Daily activity trend (last 7 days):

bash
vesai insights sql "SELECT toDate(timestamp) AS day, count() AS c FROM events WHERE timestamp >= now() - INTERVAL 7 DAY GROUP BY day ORDER BY day ASC LIMIT 100"

Top pageview URLs:

bash
vesai insights sql "SELECT properties.\$current_url AS url, count() AS c FROM events WHERE event = '\$pageview' GROUP BY url ORDER BY c DESC LIMIT 20"

Enterprise segment example:

bash
vesai insights sql "SELECT event, count() AS c FROM events WHERE person.properties.plan = 'enterprise' GROUP BY event ORDER BY c DESC LIMIT 20"
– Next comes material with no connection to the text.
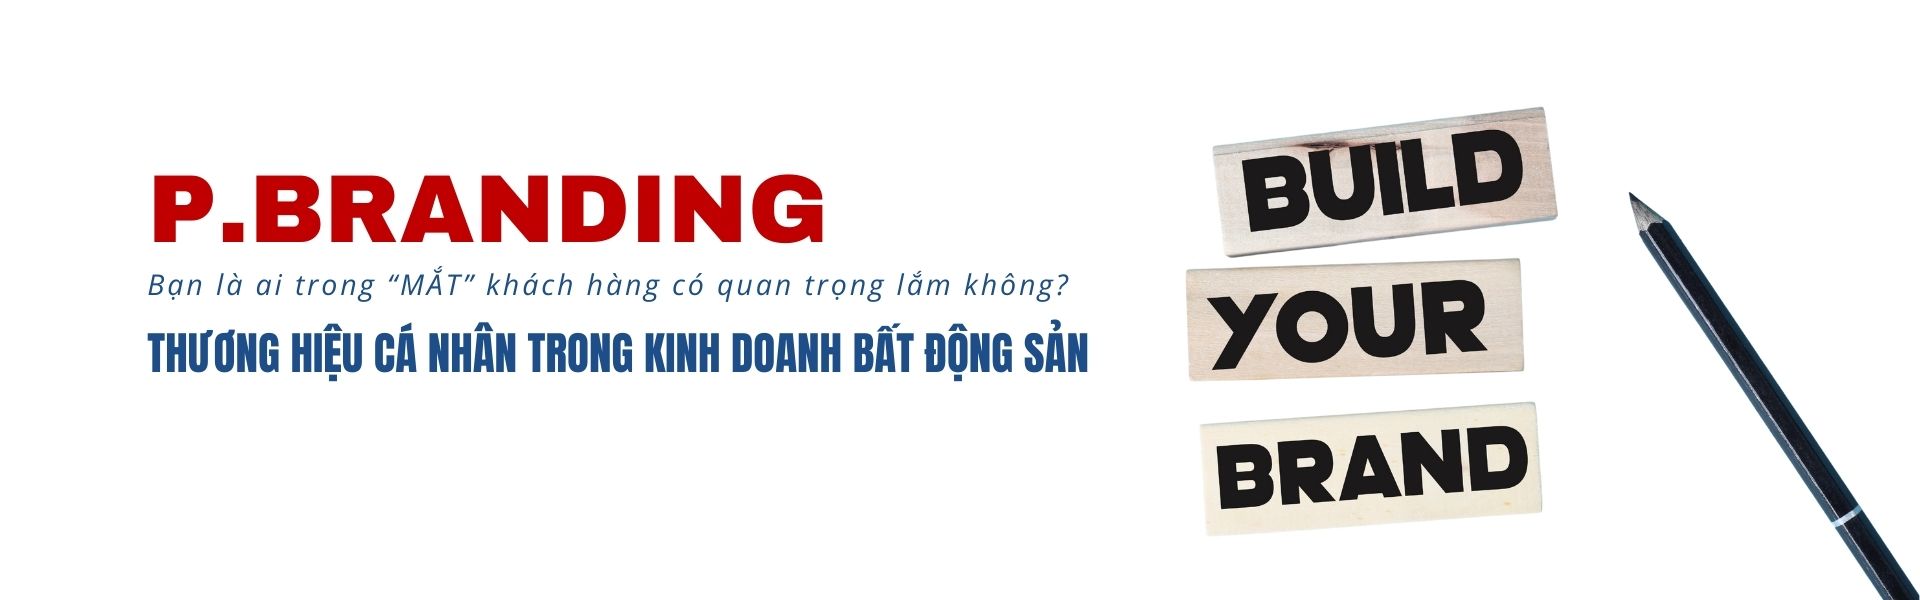 THUONG HIEU CA NHAN BAT DONG SAN

Key HogQL context for agents

  • Base event table is typically events.
  • Common columns: event, timestamp, distinct_id.
  • Event properties are commonly referenced via properties.<property_key> (example: properties.$current_url).
  • Person properties are commonly referenced via person.properties.<property_key> (example: person.properties.email).
  • When passing queries in double quotes, escape $ as \$ in shell strings.
  • Use LIMIT and OFFSET to paginate if you need more than 100 rows.
  • Use --raw on insights sql and insights hogql when debugging raw PostHog payloads.

Agent Output Rules

  • JSON is default for data commands. Use --no-json for human-readable output.
  • Treat non-JSON output as operator-facing summaries.
  • Log exact command + output for each conclusion.
  • If output is empty, test adjacent scopes (wider time range, lower filters, remove domain filter) before concluding no signal.

Artifacts and Paths

  • Config: ~/.vesai/vesai.json
  • Workspace markdown:
    • ~/.vesai/workspace/sessions/
    • ~/.vesai/workspace/users/
    • ~/.vesai/workspace/groups/
  • Runtime:
    • ~/.vesai/cache/
    • ~/.vesai/logs/
    • ~/.vesai/tmp/

Troubleshooting

gcloud hash errors (blake2b, blake2s):

bash
export CLOUDSDK_PYTHON=/usr/bin/python3

storage.objects.create permission denied (ADC mismatch):

bash
gcloud auth application-default revoke
gcloud auth application-default login
gcloud auth application-default set-quota-project <project-id>

Missing Playwright executable:

bash
bunx playwright install chromium

Vertex model access errors:

  • Verify Vertex AI API is enabled.
  • Verify model availability in selected region.
  • Confirm project permissions and configured model in vesai.json (gemini-3-pro-preview).

If a schema/analytics tool returns validation errors, fall back to:

  1. events and properties for field discovery.
  2. insights sql for direct controlled queries.